I’m sitting in my bedroom and I can hear muffled music from somewhere outside, and just this bass throb and something else low mixed in, with a little sparkle to it, and I think, “That’s Stevie Nicks. That’s the Dance album.” So I open the window, and yeah, it’s “Dreams.” So now I’m sitting here with the window open, because it’s kind of nicer than just pulling out the CD and listening to it myself.
Some girl started following me on here, so I went to her page, and she has a post where she’s all “Gross. Fleetwood Mac.”
Honey, I am not someone you’d be interested in.
My feelings about politics and literature and mathematics and the rest of life’s minutiae can only be described through a labyrinthine of six-sided questions, but everything that actually matters can be explained by Lindsey fucking Buckingham and Stevie fucking Nicks in four fucking minutes.
Chuck Klosterman (via straypaper) (via fuckyeahstevienicks)
I mean, yes, but also: Chuck Klosterman managed to get six books published without knowing that “labyrinthine” is not a noun?
I had a dream last night where Stevie Nicks was singing a slightly slowed-down version of “Dreams” live, backed by like, all the chicks from Lilith Fair and a gospel choir.

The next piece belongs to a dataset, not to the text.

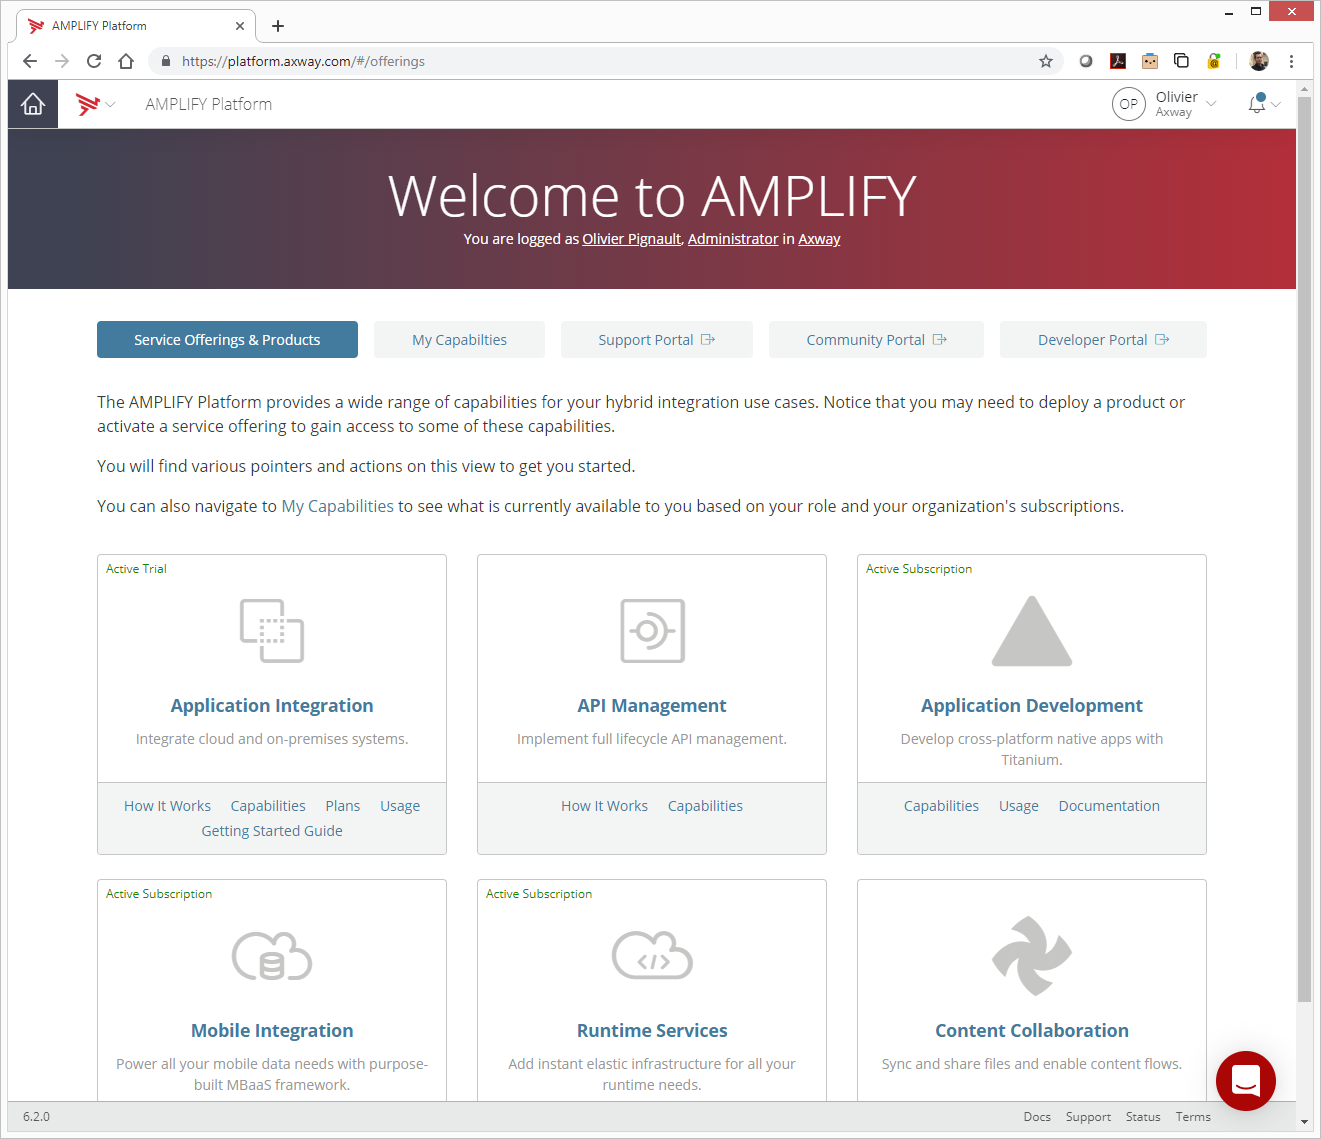 AMPLIFY Platform Home Page - Service Offerings and Products

If my brain were made of Venn diagrams, the place where Fleetwood Mac’s Tango in the Night, Stevie Nicks’ The Wild Heart, and that whole genre of fantasy/spooky children’s films from the ’80s that encompasses everything from The Neverending Story to Little Monsters to The Secret of NIMH and always seemed to be playing on some cable channel on rainy Sunday afternoons overlap would be Florence + the Machine’s Lungs.